After the recent escape of Sinaloa cartel boss, Joaquin “El Chapo” Guzman, from a maximum security prison located on the outskirts of Mexico City, the Mexican drug trafficking structure is likely to reconfigure. Mainly known for trafficking drugs from Mexico to the US, Guzman and the Sinaloa cartel have wide connections reaching Central and South America, with Colombia at the top of the list.

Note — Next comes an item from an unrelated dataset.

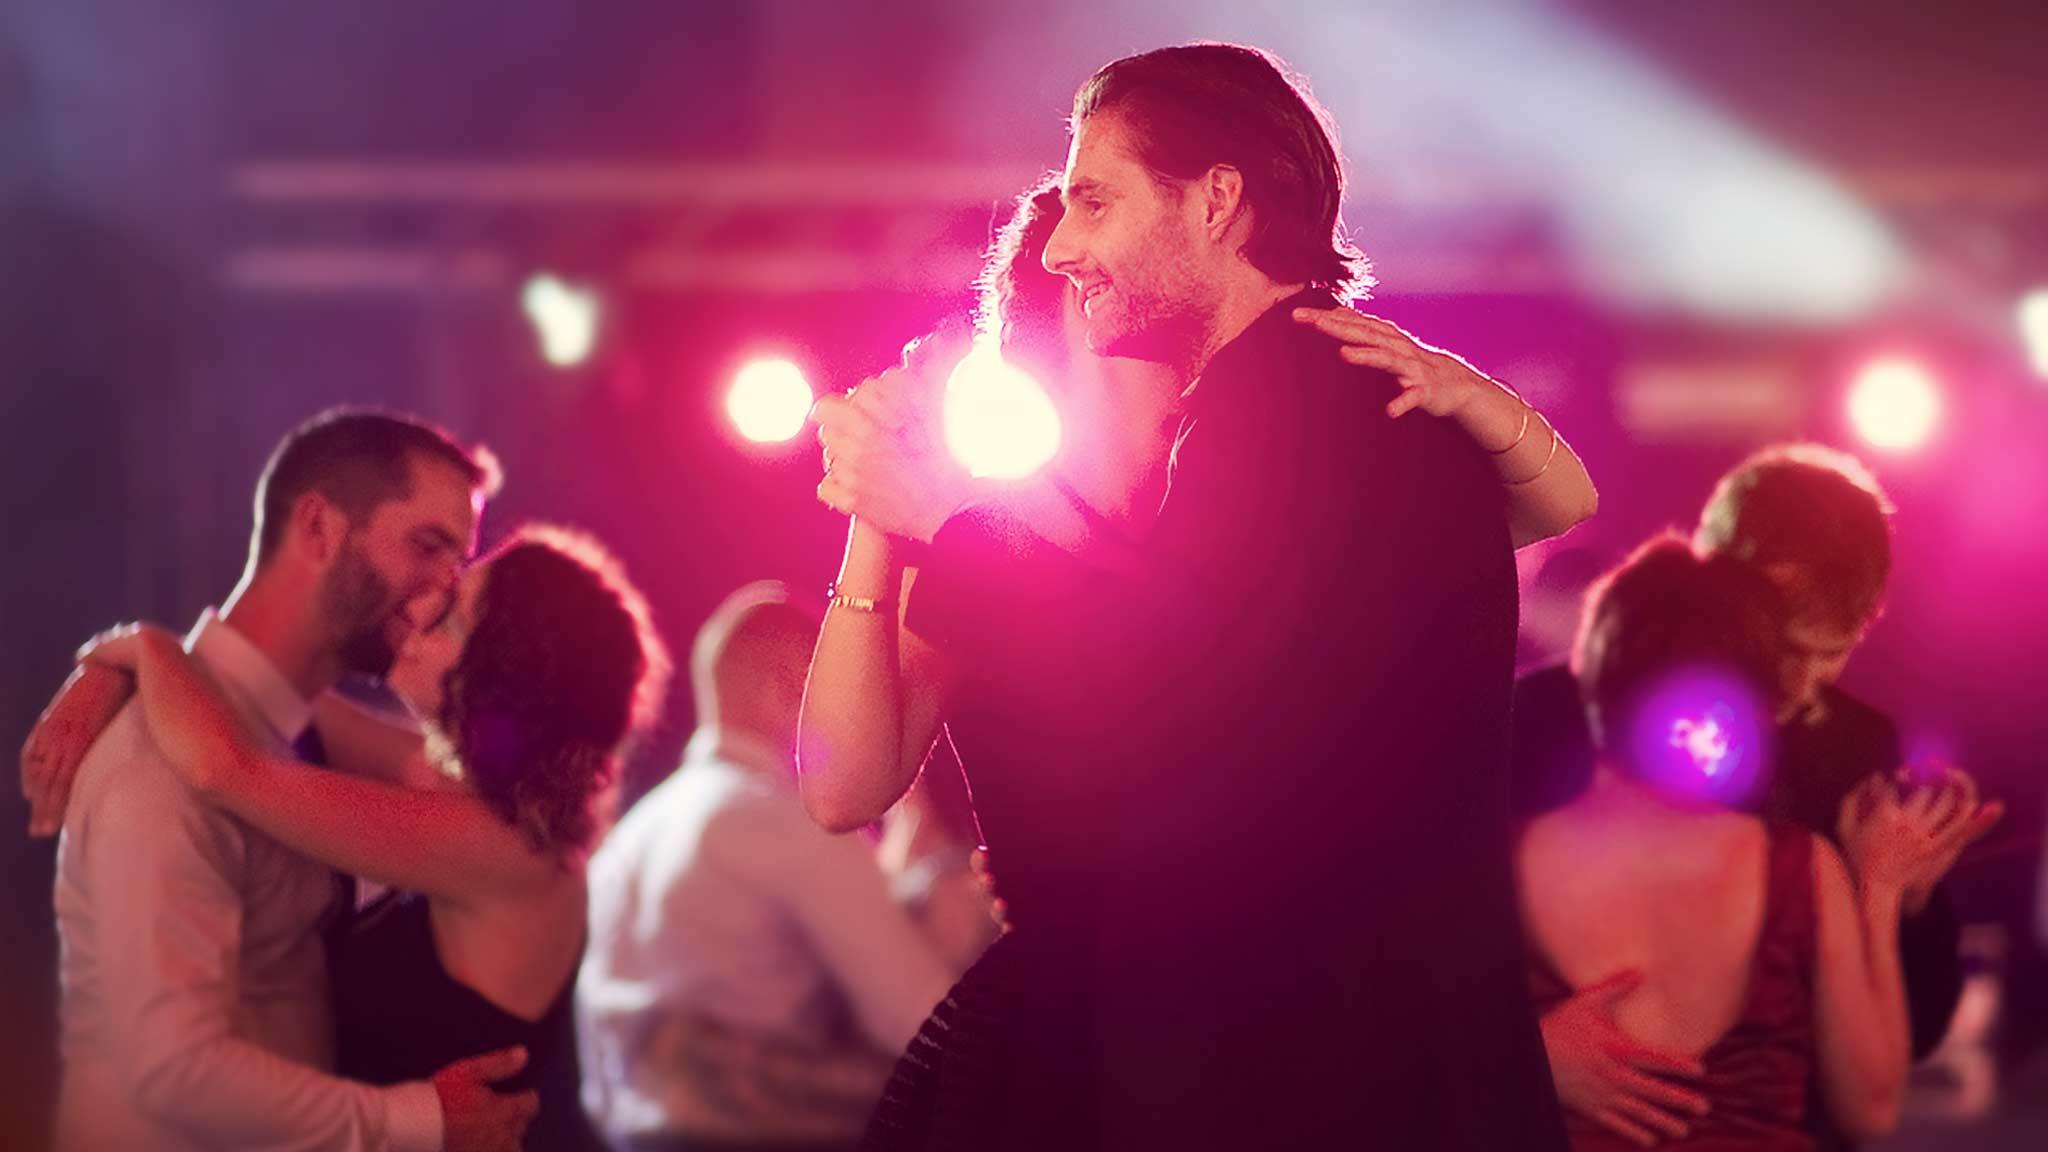 danse-lifestyle-soiree-evening-photographe-mariage-nancy-metz-wedding-photographer-party

In the past, the close connections of the Sinaloa cartel with the narco-groups of the Rastrojos, the Libertadores de Vichada and with the guerrilla movement of the FARC could guarantee the passage of cocaine from Colombia to Mexico. Nevertheless, with the beginning of the peace talks between the FARC and the Colombian government and the weakening of the old narco-families, Guzman’s organisation had reportedly started buying drug franchises from the FARC and becoming more involved in the earlier stages of cocaine production – even establishing and managing processing laboratories on the border between Colombia and Ecuador. In fact, following the increasing success of law enforcement operations, the quality of cocaine reaching Mexico has reportedly decreased. With deeper and more direct participation in the processes of cocaine production, the cartel could thus limit the number of intermediaries in cocaine transport and smuggle, assuring the delivery of a high-quality product.

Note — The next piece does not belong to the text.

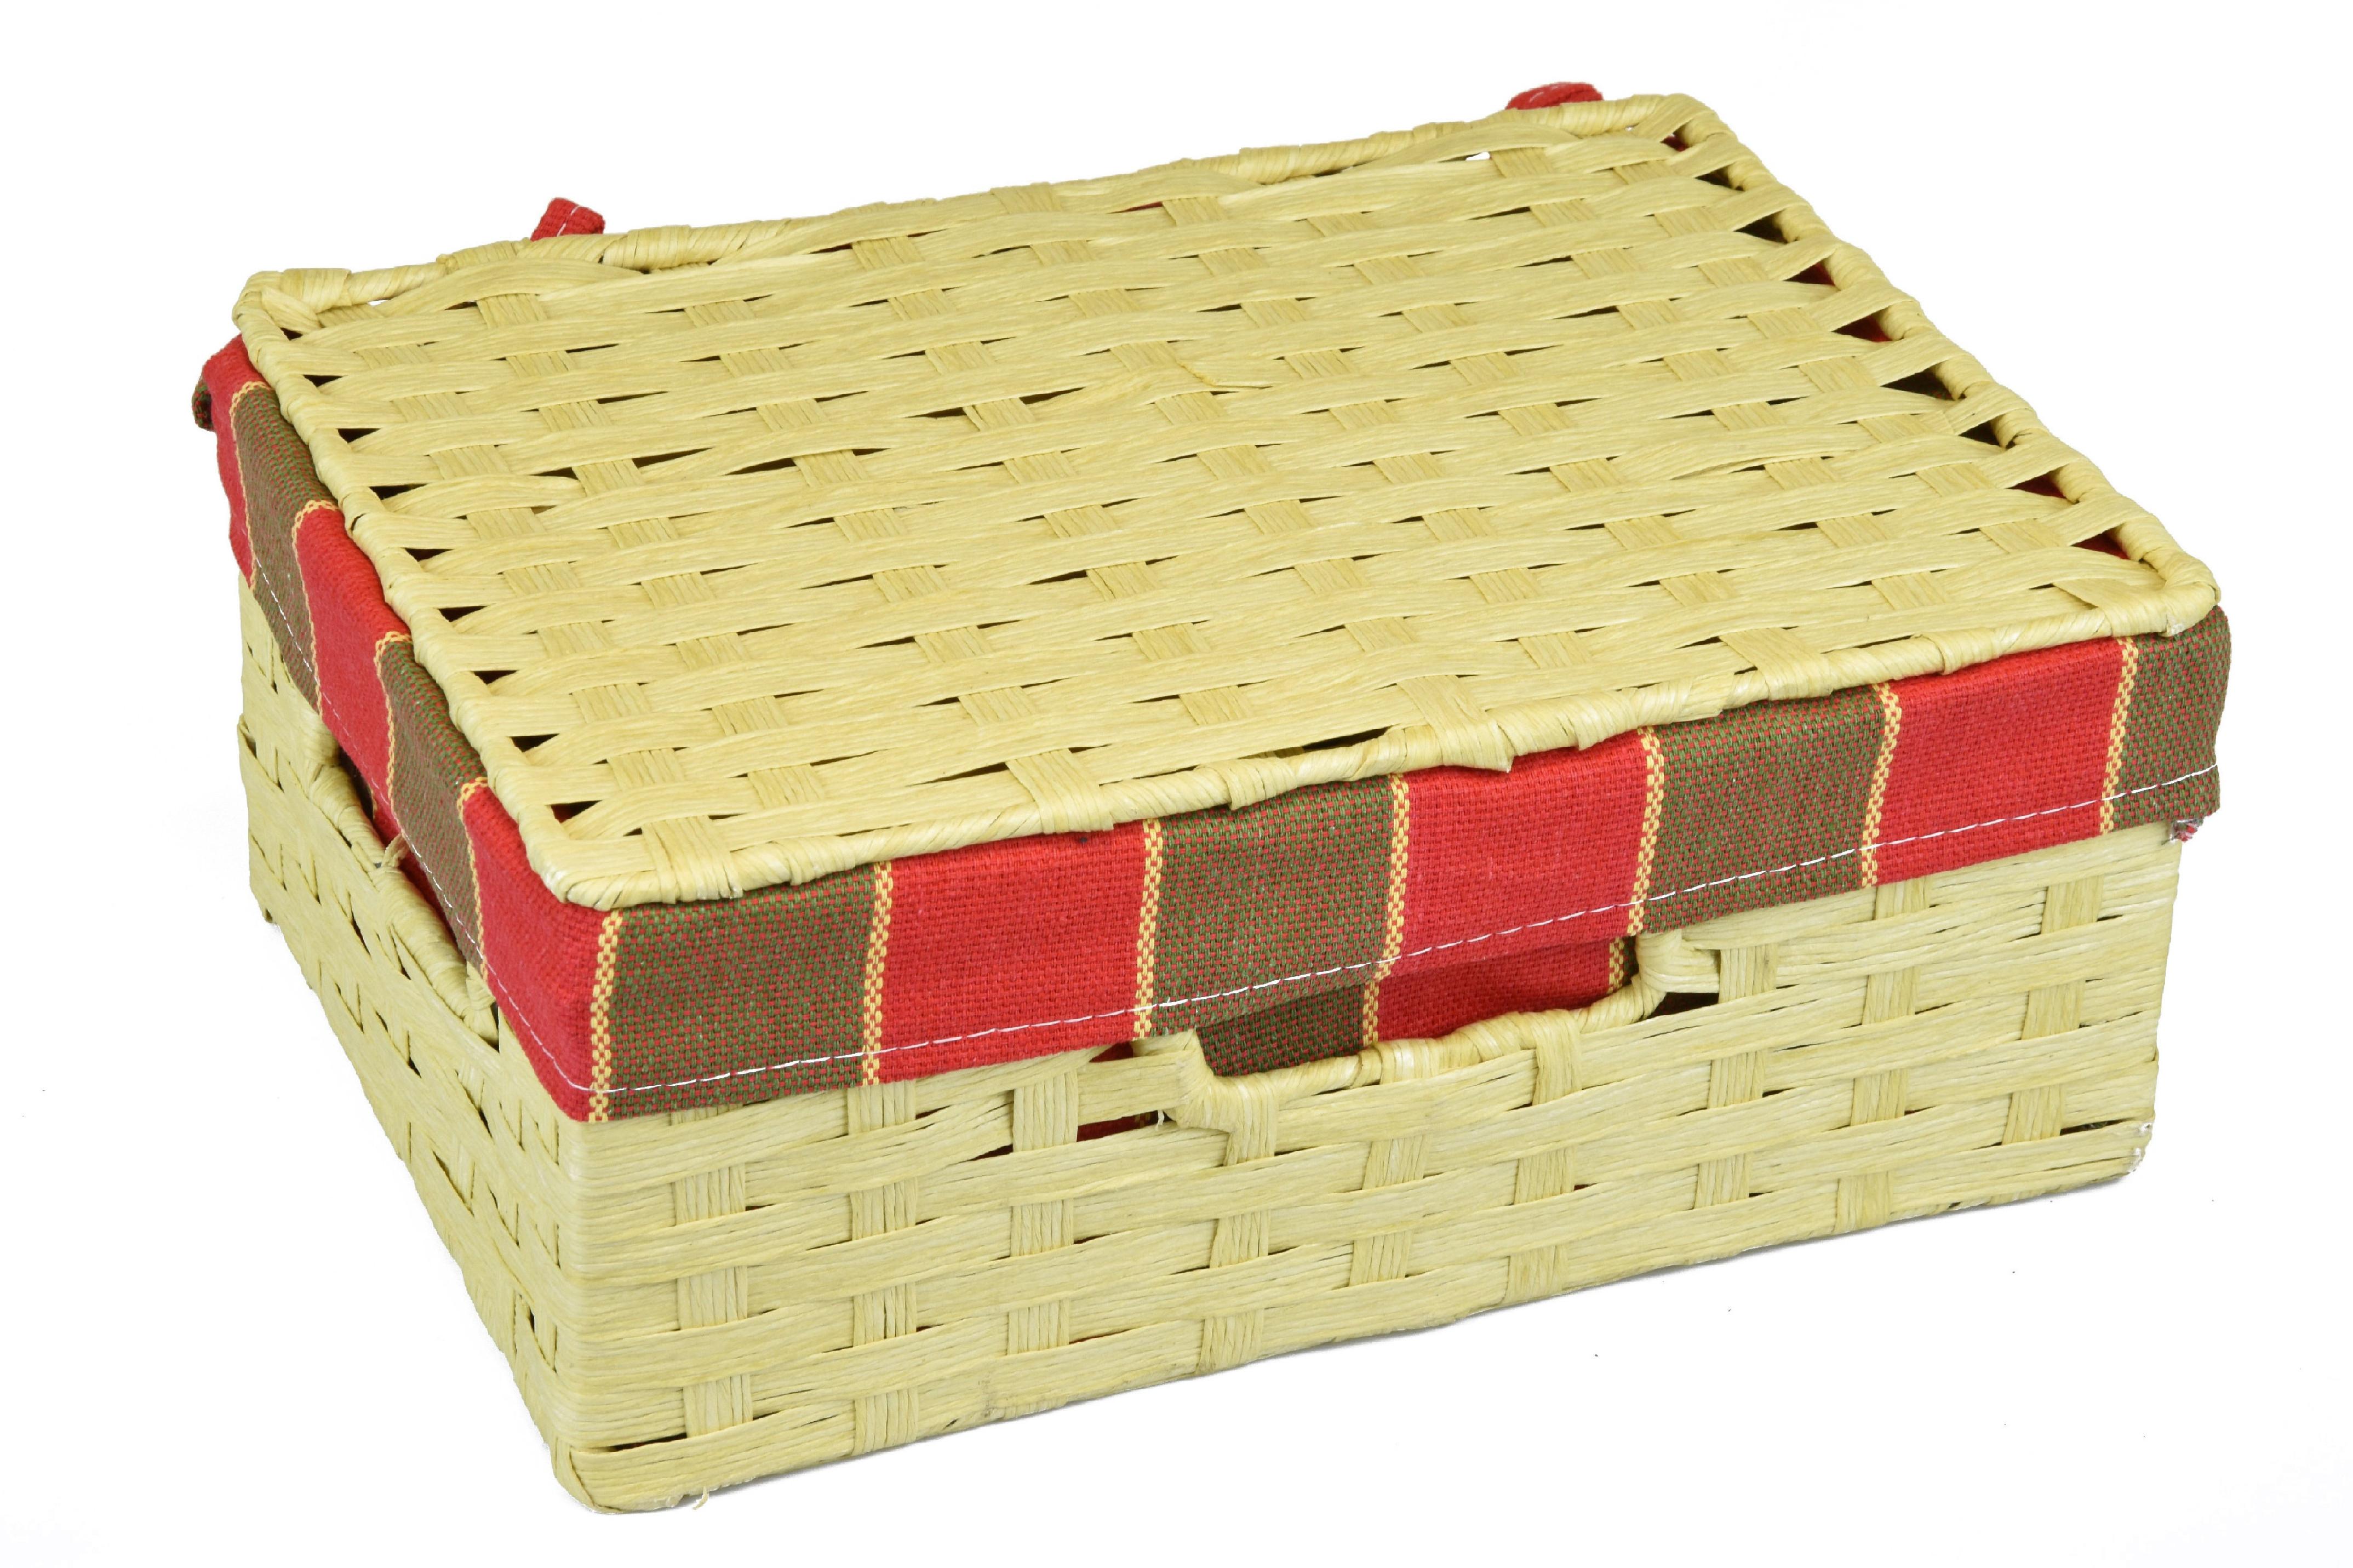 Úložný box s víkem rozměry boxu (cm): Sada 30x21x13|26x18x11|22x15x9

Following the arrest of El Chapo in 2014, the Sinaloa cartel has suffered a lack of clarity over its organisation. Although cocaine trafficking remained central to the cartel’s business, the narcos started diversifying, increasingly engaging in the smuggling and traffic of methamphetamines and other synthetic drugs and decreasing their presence in Colombia. Moreover, Colombian groups have been deepening their relations with criminal bands operating in Central America, taking control of drug routes once dominated by the Sinaloa cartel. With the return of El Chapo, the Sinaloa cartel is likely to regain stability, as Guzmán was not so much the boss of bosses as the highest profile figure in a triumvirate of veterans that once was the cartel’s leadership. Accordingly, changes are also likely to occur in the Colombian drug trafficking establishment.